By SHALEH on Oct 7, 2008 | Reply
Wahhh
enaknya bisa bikin buku
dulu juga pernah waktu di ajar sama Pak Sainul
tapi bikin buku sastra
selamat aja dech
By toni on Oct 8, 2008 | Reply
yaaap…akhirnya semuanya selesai.ada hasilnya,,makasih banyak pak…
By KAMSINAH on Oct 8, 2008 | Reply
Senang banget akhirnya yang ditunggu-tunggu selesai juga,semoga dengan adanya buku pengantar antropologi ini mahasiswa akan lebih termotivasi untuk membikin buku dan menulis dan ini menjadi awal yang baik untuk kita semua mahasiswa FKIP pend.sejarah.
By haryani on Oct 8, 2008 | Reply
gak berbobot,ga apa-apa yang penting loncing ajah,hee
By Hamidah ulfah on Oct 8, 2008 | Reply
Alhamdulillah akhirnya buku karya mahasiswa UNLAM terbit juga,semoga dengan terbit nya buku ini mahasiswa dari prodi lain juga termotivasi,dan khususnya juga bagi mahasiswa FKIP UNLAM prodi sejarah agar tidak berhenti menulis sampai disini saja.
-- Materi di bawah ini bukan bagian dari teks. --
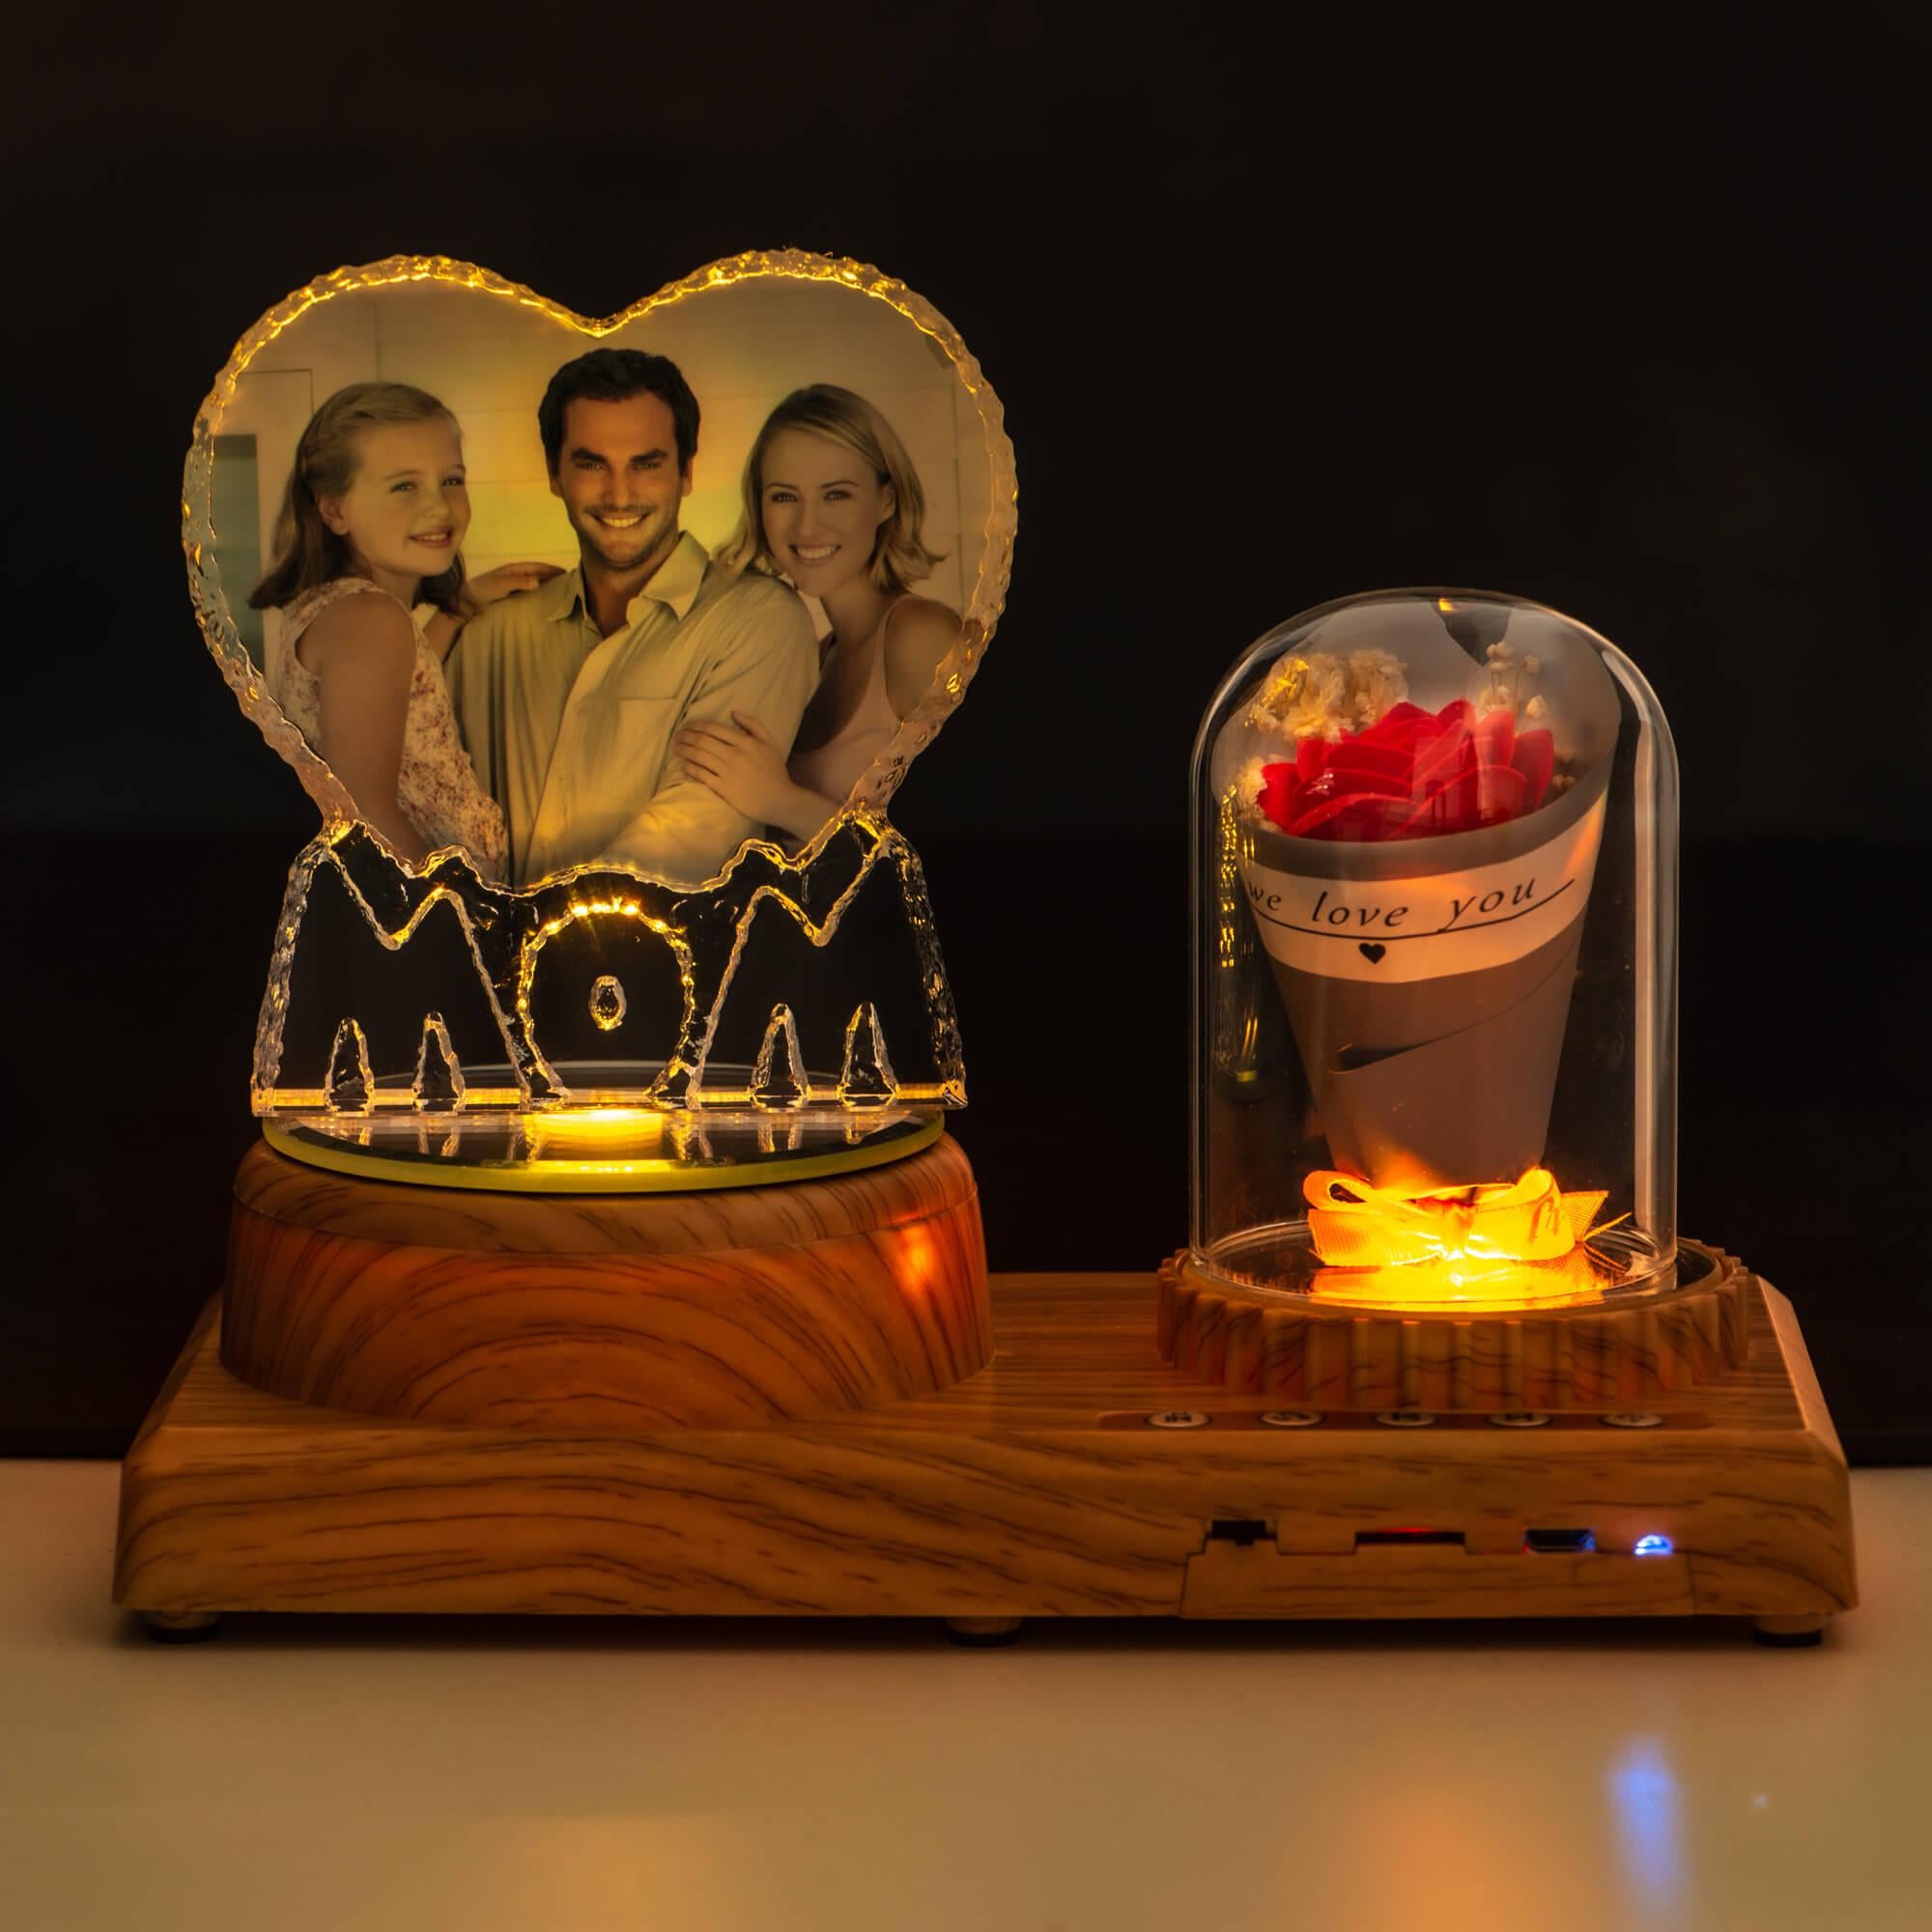 NEONIP-Lampada rosa Bluetooth con foto personalizzata-MOM

By Haris Zaky Mubarak on Oct 8, 2008 | Reply
selamat……….walau gak terlalu komersil nama nama penulisnya
By Helma novieanty on Oct 12, 2008 | Reply
selamat……dan sukses,,semoga yang akan datang lebih baik.
***Doa yang sama.
By Mini Febrianti on Oct 13, 2008 | Reply
Akhirnya selesai juga. Mudah-mudahan buku yang selanjutnya akan lebih baik lagi khususnya bagi mahasiswa untuk menulis lebih baik lagi.
By ni luh on Oct 14, 2008 | Reply
Akhirnya buku ajar pengantar antropologi ini selesai juga.Ini semua berkat kerjasama dan kekompakan dari tim penulis.
By fksb unisma on Oct 15, 2008 | Reply
saya suka antropologi lo biar tahu orang banyak….
***Sama dong …
By juwita sari on Oct 15, 2008 | Reply
alhamdulilah bukunya sudah keluar…..
By chairi ramadhan on Oct 15, 2008 | Reply
terima kasih bapa. . bapa dosen paling top . . dosen terbaru yang mengajak mahasiswanya membuat buku sendiri dan memberanikan diri untuk menulis. .
By Ganjar Muttaqin on Oct 16, 2008 | Reply
Alhamdulillah kelar juga buku, semoga menjadi inspirasi bagi orang banyak serta bermanfaat bagi khalayak umum.